Good question, Jim. This discussion has passed over some of the basics.

To make a model visually appear to be travel at a realistic speed, you have to scale the relationship of size and speed. As you suggested, this means that the model would travel the same number of fuselage lengths per second as does the real plane. Then it looks right to the eye as it flies by. To accomplish this requires that the model weight be scaled by a definite ratio to the real plane. Without going into the math, it works out that "fourth power scaling" will get you the appearance of scale speed. As an example:

If we want to make a DC-3 model that is 1/12 of full size, the weight needs to be 1/12 X 1/12 X 1/12 X 1/12, or 1/20,736 of the full size airplane's weight. Since the weight of a full size DC-3 is around 35,000 lbs, the model would need to weigh 35,000 / 20,736 = 1.7 lbs to fly at scale speed with a similar stall margin.

That's why we don't see many models flying at scale speeds.

There is a further complication in this weight scaling business. If a model is "fourth power scaled", it only looks right in straight flight. A model scaled to fly at that speed will make non-scale maneuvers. For instance, a turn at any given bank angle will have an unrealistically small radius. If you were to scale a fighter or aerobatic plane, the loops would look impossibly small compared to the size of the model.

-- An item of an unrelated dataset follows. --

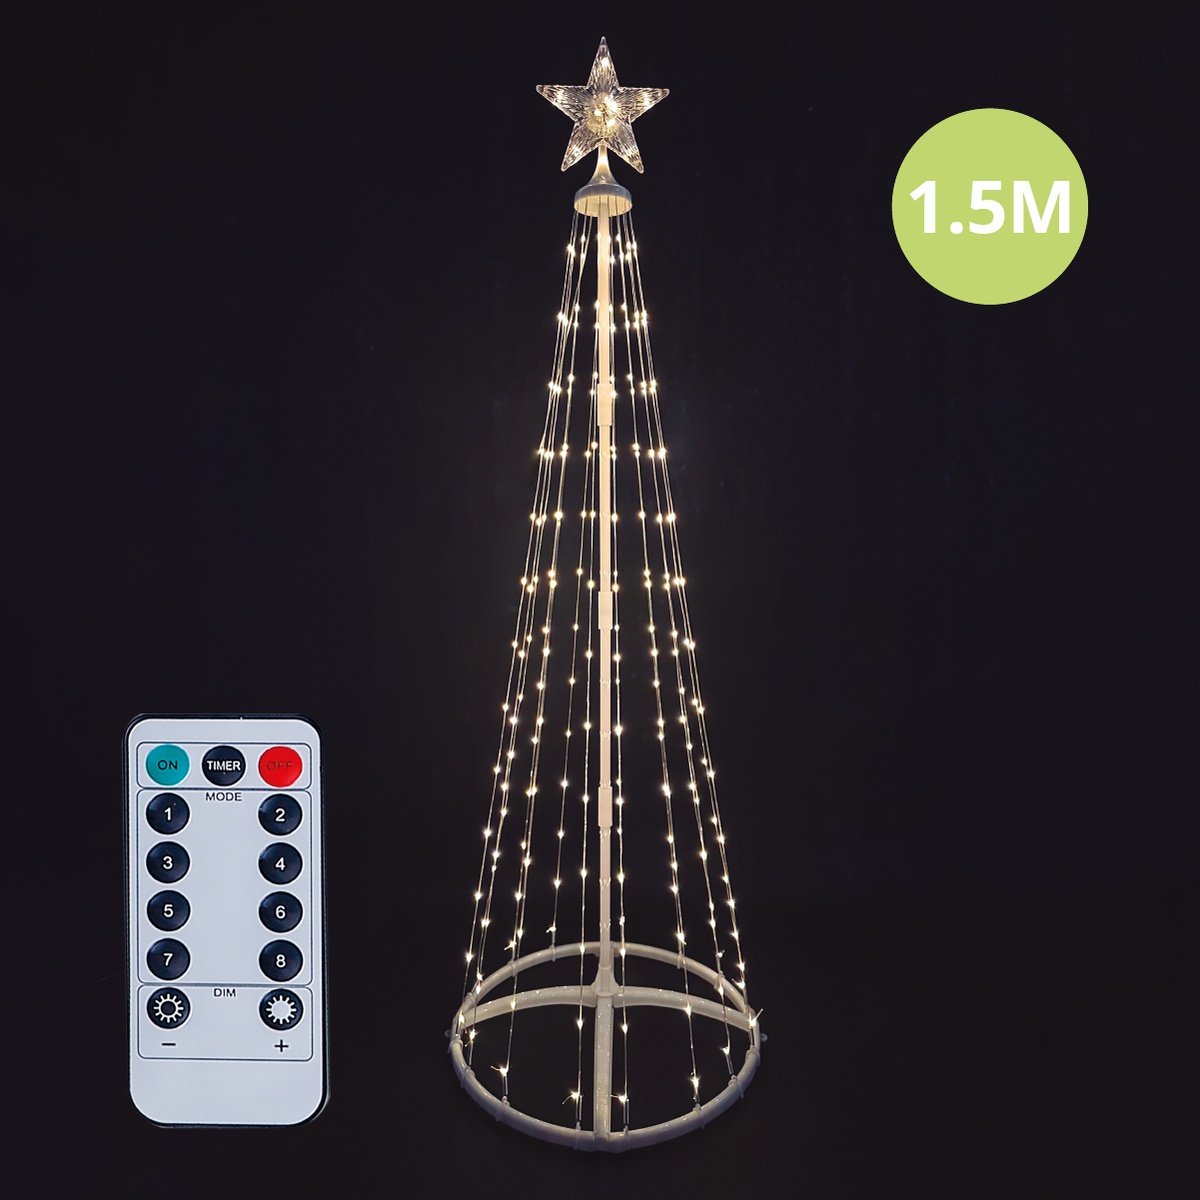 1,5M USB LED Tree with remote 8 functions Warm White IP44
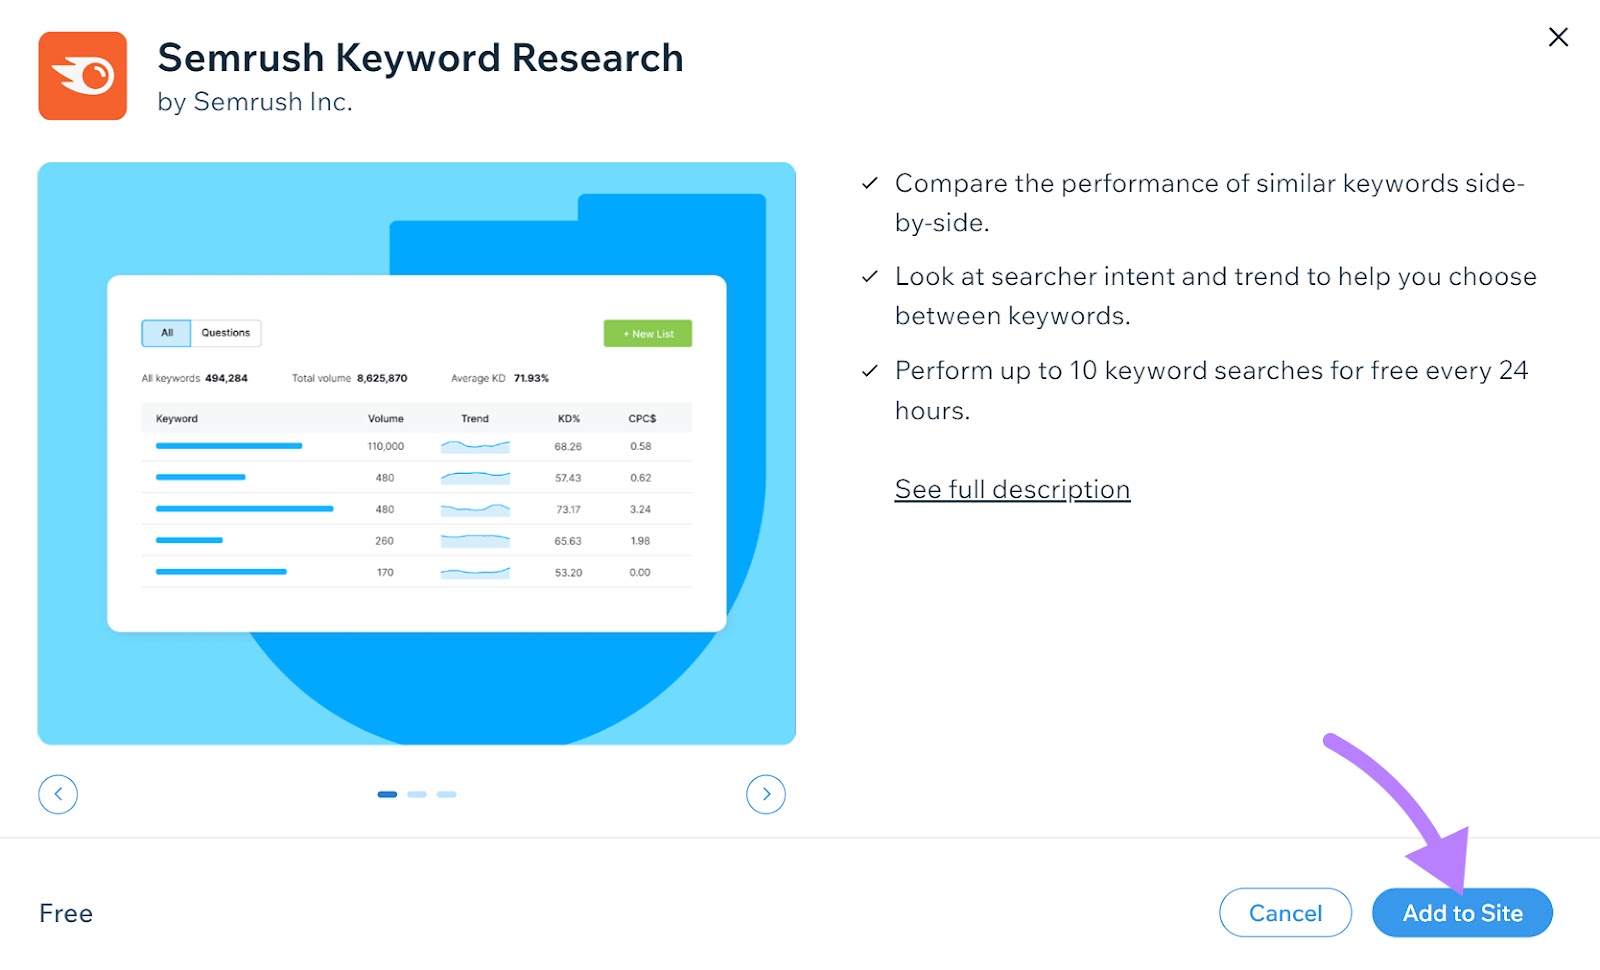 add Semrush Keyword Research to site

In order to make the size of your maneuvers look right, it is necessary to do "third power scaling". That is, the model weight would be 1/12 X 1/12 X 1/12, or 1/1,728 of full scale. That would be 35,000 / 1,728 = 20 lbs. But then the speed looks too fast.

The bottom line is that there is only one scale ratio which gives a perfect match of both speed and maneuver size. Unfortunately, that's full size.

The best we can do with scale models is somewhat of a compromise between visual speed and maneuver size. That would be about "three point five power scaling". If you have a scientific calculator, you can do that. In the case of the 1/12 scale DC-3, the weight ratio would be 1/5985, or 5.8 lbs.

I'm sure there will be folks who will disagree with this analysis, but "the physics don't lie". There has been a lot of pretty good work done in this area over the years. An example of where serious scaling analysis is used would be flight testing of spin models by NACA and NASA.

Dick